Note: The effectiveness of caches like this is not exactly proportional to storage size, but rather to the size of the "locality of reference" over any given time frame.  So for example if you were reading every image you had, you are referencing a huge area over a small time, and caches like Optane are not helpful.  On the other hand, if you were doing lots and lots of accesses and updates to the catalog, which is small and likely fits completely in the cache, this can provide a great amount of acceleration.  Different programs, indeed different operations within a program, are going to have vastly different locality of reference and so will govern how effective Optane is, often in unpredictable ways.  This makes it, unfortunately, one of those things that you almost have to try to know how much it helps.


----------



## Linwood Ferguson (Jul 9, 2017)

Ferguson said:


> The biggest difference is that Optane is a cache, whereas NVMe is, at least out of the box, storage.

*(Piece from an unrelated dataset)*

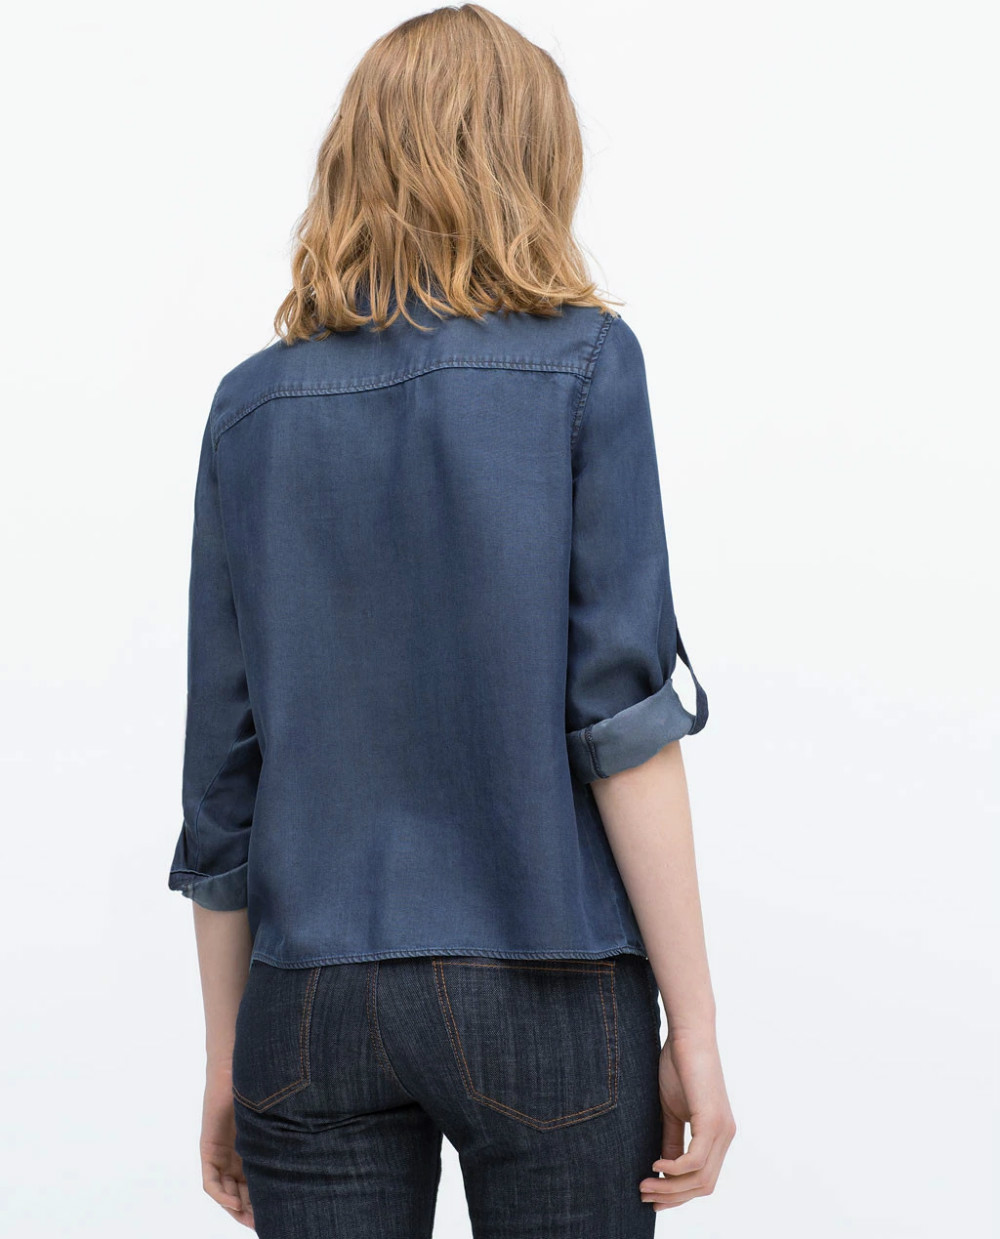 Fashion Female elegant blue Denim shirts blouses For Women Pocket button turn-down collar long sleeve casual tops
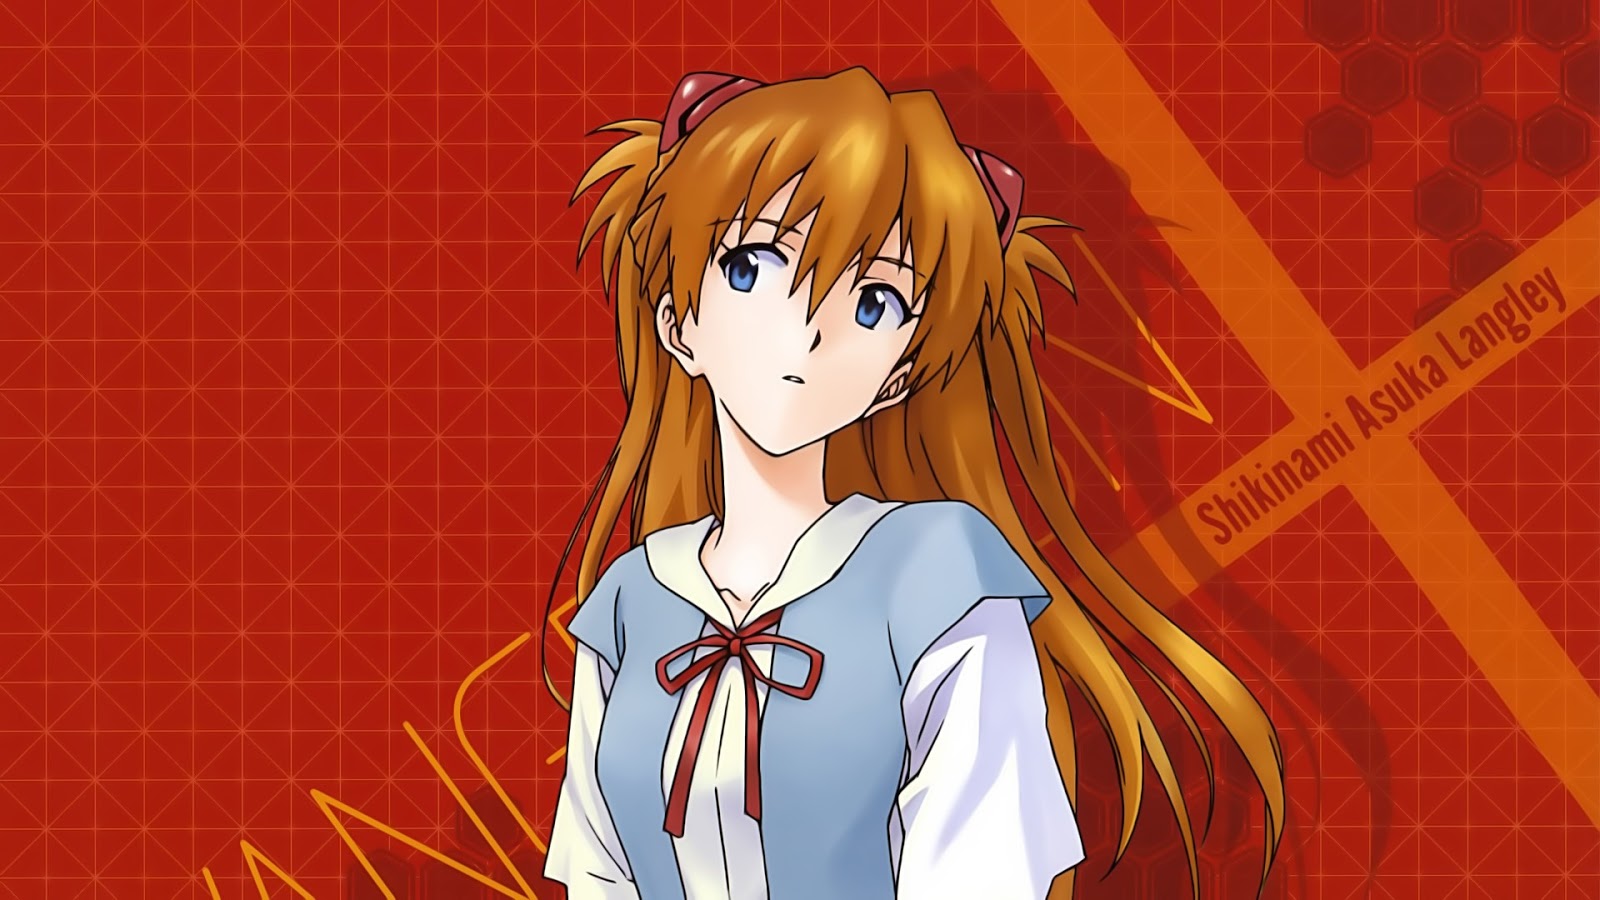 Berikut ialah Asuka Anime HD Wallpaper Pack yang dapat kalian download secara eksklusif Asuka Anime HD Wallpaper Pack

I probably should explain that statement.  Intel Rapid Storage Technology (IRST) has long had the ability to turn an SSD into a cache.  I THINK it can do that with NVMe though I have not tried it.

IRST caching and Optane are the same basic concept, just different (probably not all that different) implementations, though it sounds like Optane may have some efficiency shortcuts built in to make it faster.

I have tried using SSD as cache to spinning disk without significant improvements, notably in lightroom, and switched to dedicated SSD for preview cache and catalog with better results.  All caching schemes like Optane rely on an algorithm to decide what should be in the cache (and fast) and what not in the cache (and slow). That's great if you do not already know what should be cached; if you do, just using SSD (or NVMe) as storage is a better solution. 

It's all about whether you are smarter than your computer.  (this is a question  -- your computer has already submitted that answer to Google and others  )


----------